There was virtually no place on earth the epidemic did not reach. Some estimates said over 100 million people died world-wide. World War 1 was going on at the time…more soldiers died from the flu than from the War, it has been reported.
In Oklahoma City, where my grandparents lived, things were bad and growing worse.
John Kirkpatrick, ten years old at the time, reported: “We lived at 415 W 10th, and our house was on the way between the mortuary and the cemetery.” Kirkpatrick continued, “I remember a constant parade of horse-drawn hearses. It was a horrible epidemic.”
Every public school, theater and church in Oklahoma City closed Oct. 6, 1918, and public meetings were forbidden. Sporting events were canceled. The order stayed in place for several weeks, and preachers were warned that they would be prosecuted if they held church services (sounds strangely familiar, doesn’t it? I first researched this information about two years ago…it never occurred to me I, my children and grandchildren, might live through such a time ourselves)
The Oklahoman – the daily newspaper – reported the main streets of the city were deserted.
Oklahomans, along with the world, were doing everything they knew to survive. Nearly 7500 Oklahomans lost their lives from the flu (and keep in mind, Oklahoma was not highly populated then…it achieved statehood only in 1907).
I remember thinking about my 41 year-old grandmother going through this, seven…eight… nine months pregnant with my father. But she also had the rest of her family: Willa Maud who was in her late teens at the time; the twins Dub and Babe, about eight; her aging father, Albert Cheney, lived with the family; her husband, Willie, and others.
The final puzzle piece fell into place one day as I was looking over certificates – birth, death, marriage – scanning for clues I might have missed. I had my father’s birth certificate in front of me. I’d looked at it a dozen times before…I’m not sure how I could have missed seeing this. At first I thought my eyes were playing a trick…a name seemed out of place. I looked again…studying it…initially not understanding what I was seeing. It appeared my father’s name was written in the wrong place on the certificate. But no, it wasn’t my father’s name….

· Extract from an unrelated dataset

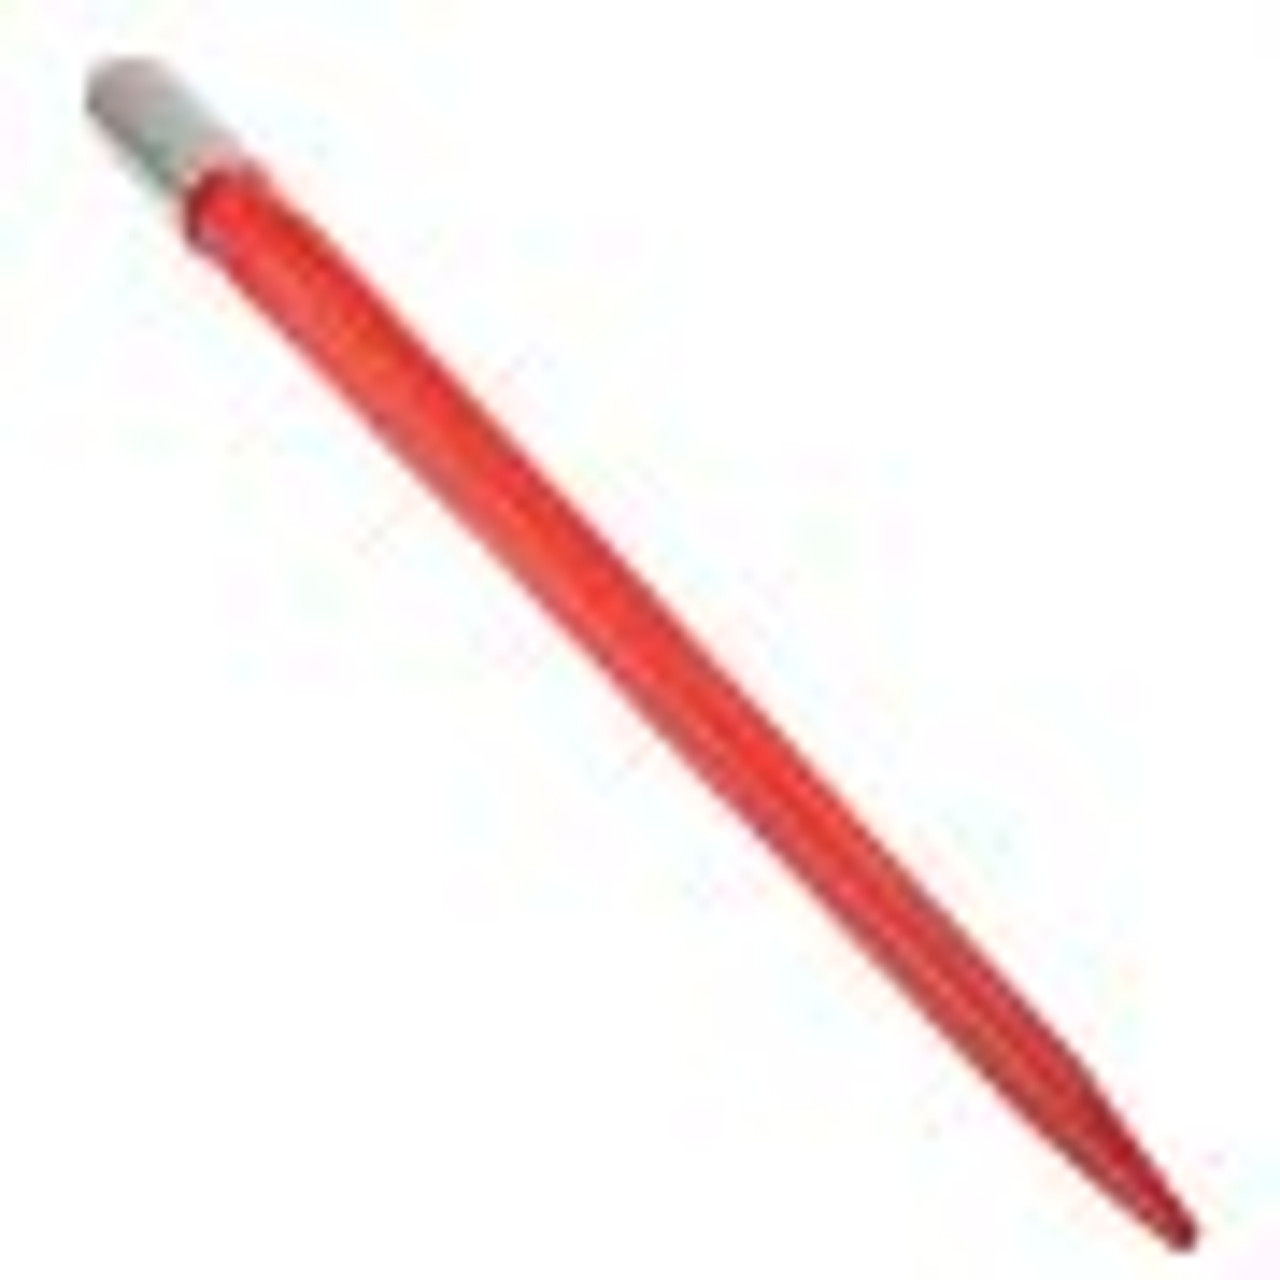 Hay Spear 32" Bale Spear 1350 lbs Capacity, Bale Spike Quick Attach Square Hay Bale Spears 1.4" Wide, Red Coated Bale Forks, Bale Hay Spike with Hex Nut & Sleeve for Buckets Tractors Loaders

It was a rushed signature, but still very clear: “J. S. Hartford”! And it was written in the space, “Attending Physician.”
So it was true…it really was true.
My grandmother actually did name my father after the physician who cared for her during the Spanish flu epidemic, and who delivered a healthy boy child on February 4, 1919.
Since then I’ve discovered one other unexpected tidbit of information. My grandmother, it appears, enjoyed having dinner parties in her home. And it seems she also enjoyed sending reports to the local newspaper about those gatherings. I’ve literally found dozens of clippings about those dinner parties. The guests were usually family, friends, fellow church members, and other folks of that sort. But on at least two occasions the oddly familiar names of another couple are listed among the guests: “Dr. J. S. Hartford and his wife.”
That sounds just like something my grandmother would do!
Thank you, Lord, for opening my eyes to what had been there all along. Thank you for helping me piece these things together.
Thank you, Lord, most of all for protecting my grandmother, her other children (later to become my aunts and uncles), and my father.